1. ## qa is rational if and only if q = 0

This is exactly how the book states it.

Let q ∈ Q and a ∈ R\Q

Does a mean real number? I don't even know what R\Q is..

qa is rational if and only if q=0

2. Originally Posted by glover_m
This is exactly how the book states it.

Let q ∈ Q and a ∈ R\Q

Does a mean real number? I don't even know what R\Q is..

qa is rational if and only if q=0
$\mathbb{R} \backslash \mathbb{Q}$ is the reals with the rationals removed.

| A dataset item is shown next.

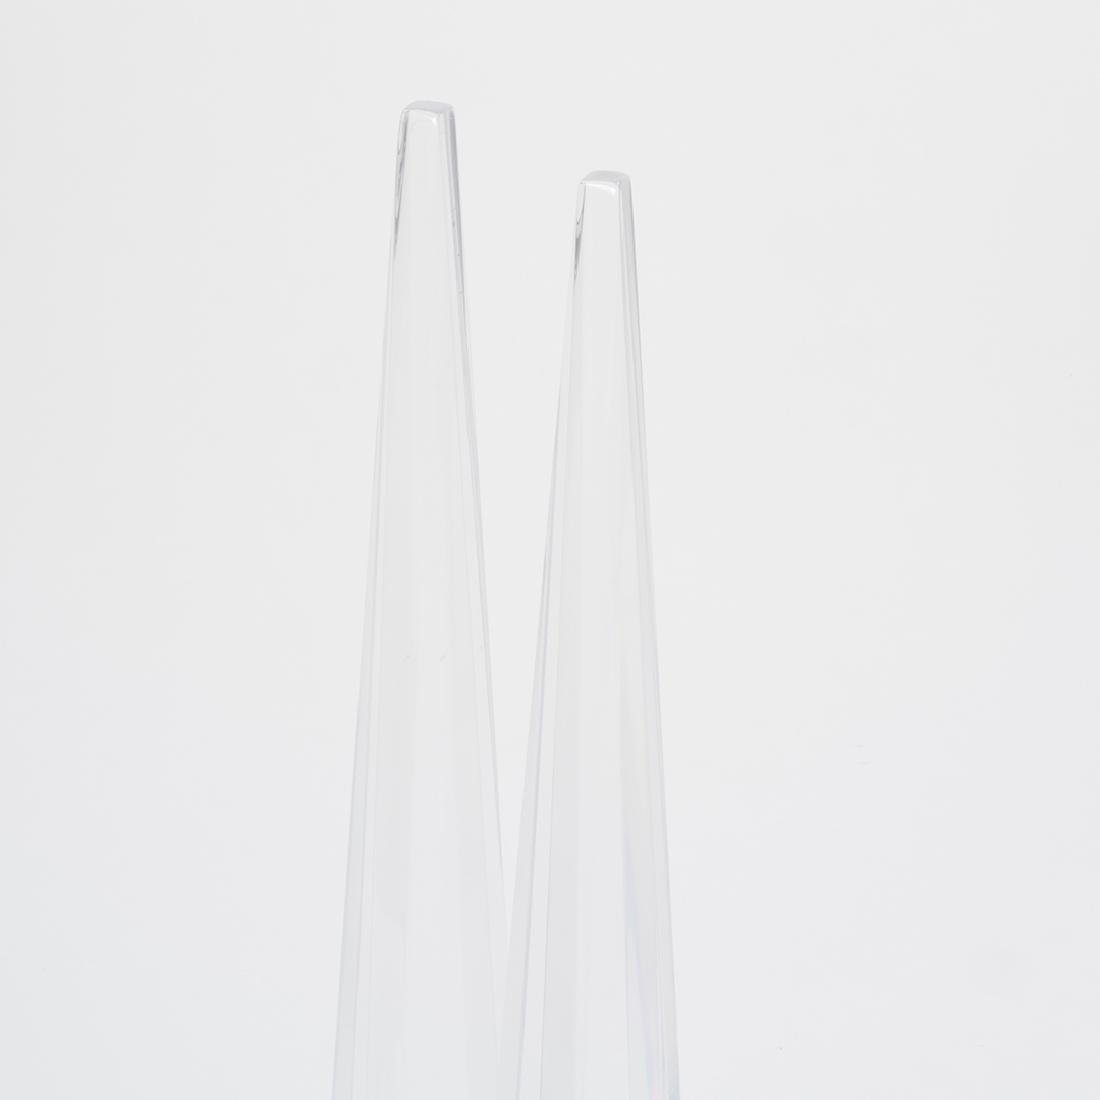 Ritts Astrolite Obelisks (2) - 2

So $x \in \mathbb{R} \backslash \mathbb{Q}$ if and only if $x \in \mathbb{R}$ and $x \not\in \mathbb{Q}$.

With that the rest should be easy enough.

CB

3. Originally Posted by CaptainBlack
$\mathbb{R} \backslash \mathbb{Q}$ is the reals with the rationals removed.

So $x \in \mathbb{R} \backslash \mathbb{Q}$ if and only if $x \in \mathbb{R}$ and $x \not\in \mathbb{Q}$.

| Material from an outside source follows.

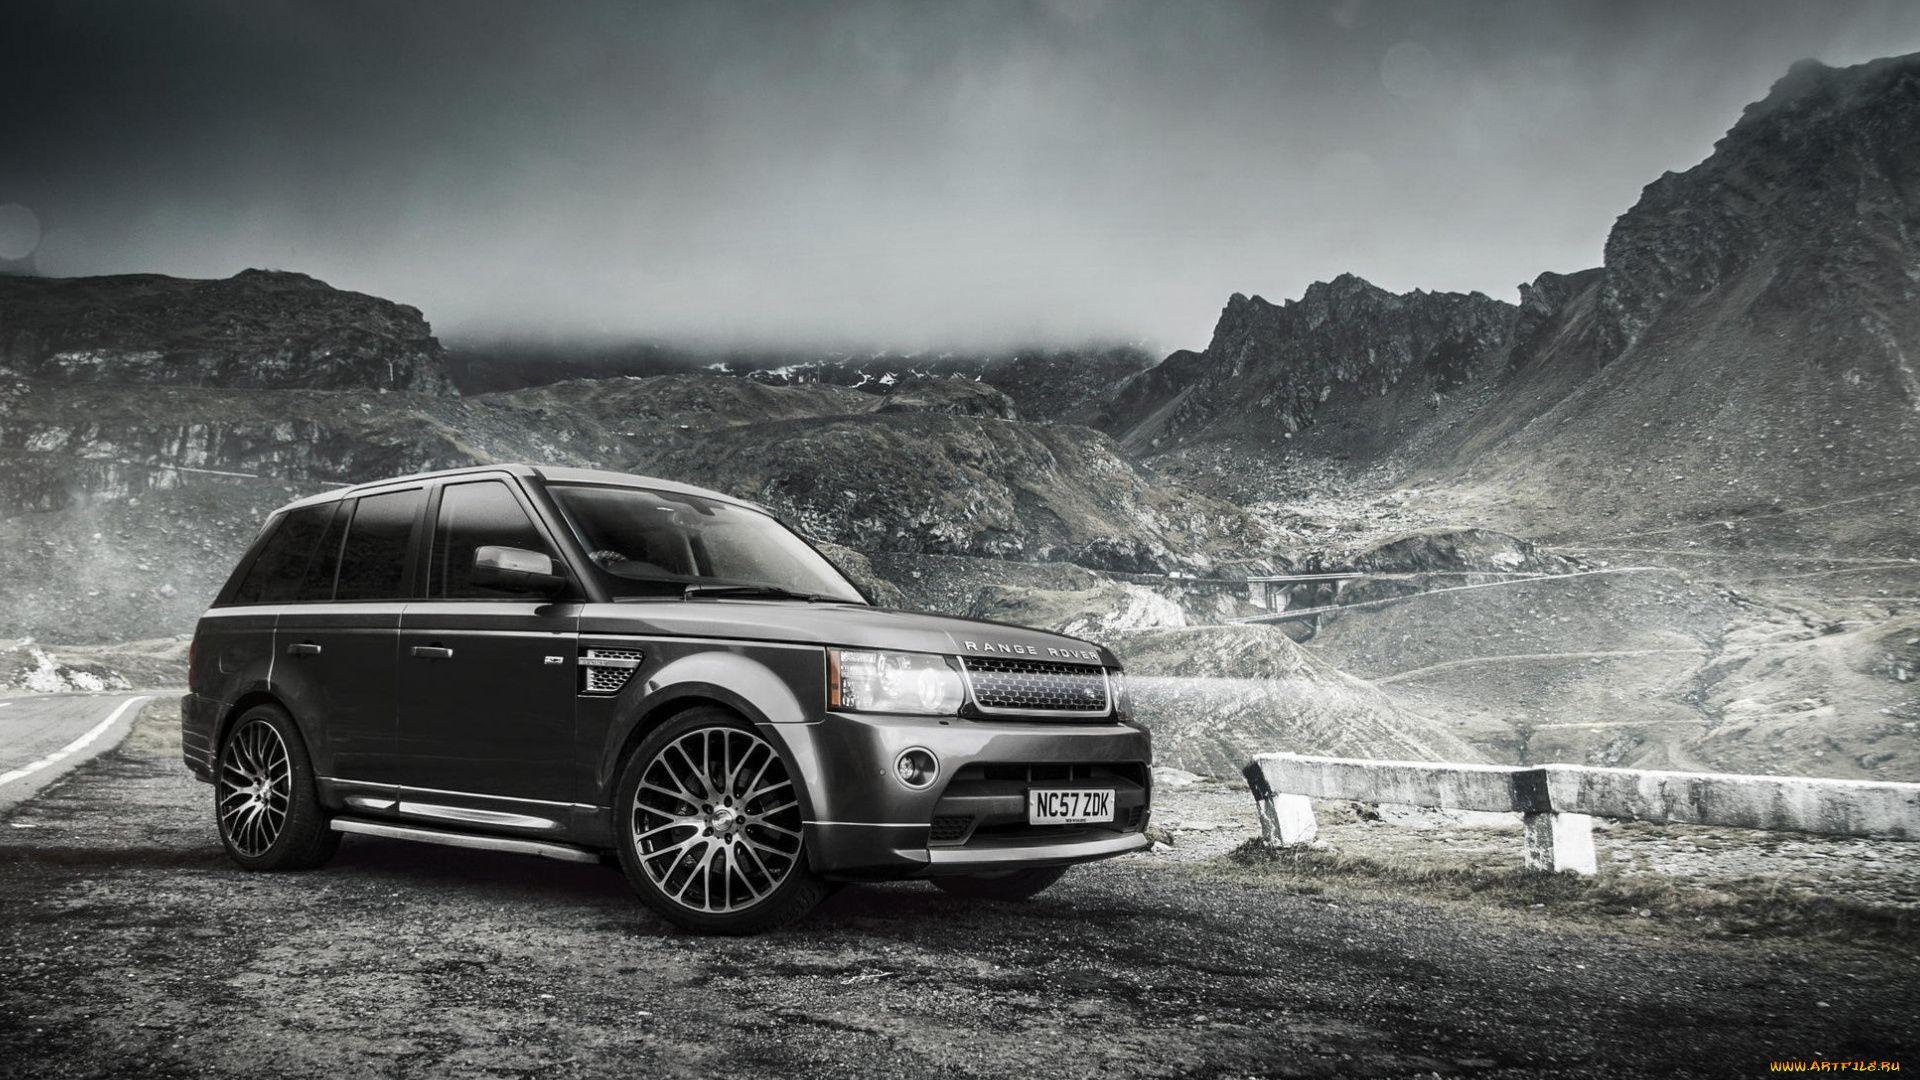 Range Rover pics

With that the rest should be easy enough.

CB
yah not really, i figured it was the irrationals, but not sure about proving that heh

the way my teacher does it is he proves both ways.

so in -<<<
Suppose q = 0 = x/y

qa = 0a = 0 =x/y

therefore qa is rational if q=0

but going ->>>>
suppose qa is rational

q=
.
.
.
.
.
=0

that's what i dont understand how to do, i think i understand the first part, but not the second direction.

4. Suppose that q$\neq$0.

Since q is rational and not zero
$q=\frac{x}{y}$
where x$\neq$0.

qa is rational, so

$qa=\frac{z}{w}$
Combining these two we get
$a\frac{x}{y}=\frac{z}{w}\Rightarrow a=\frac{zy}{wx}$
(We can divide by x because it is not zero)
But this means that a is rational, contradiction.
Therefore it must be q=0.

5. Originally Posted by Halmos Rules
Suppose that q$\neq$0.

Since q is rational and not zero
$q=\frac{x}{y}$
where x$\neq$0.

qa is rational, so

$qa=\frac{z}{w}$
Combining these two we get
$a\frac{x}{y}=\frac{z}{w}\Rightarrow a=\frac{zy}{wx}$
(We can divide by x because it is not zero)
But this means that a is rational, contradiction.
Therefore it must be q=0.
You don't really need to go back to the x/y definition of rationals (although you can of course). If q is not 0, then q has a multiplicative inverse and the rationals are closed under multiplication.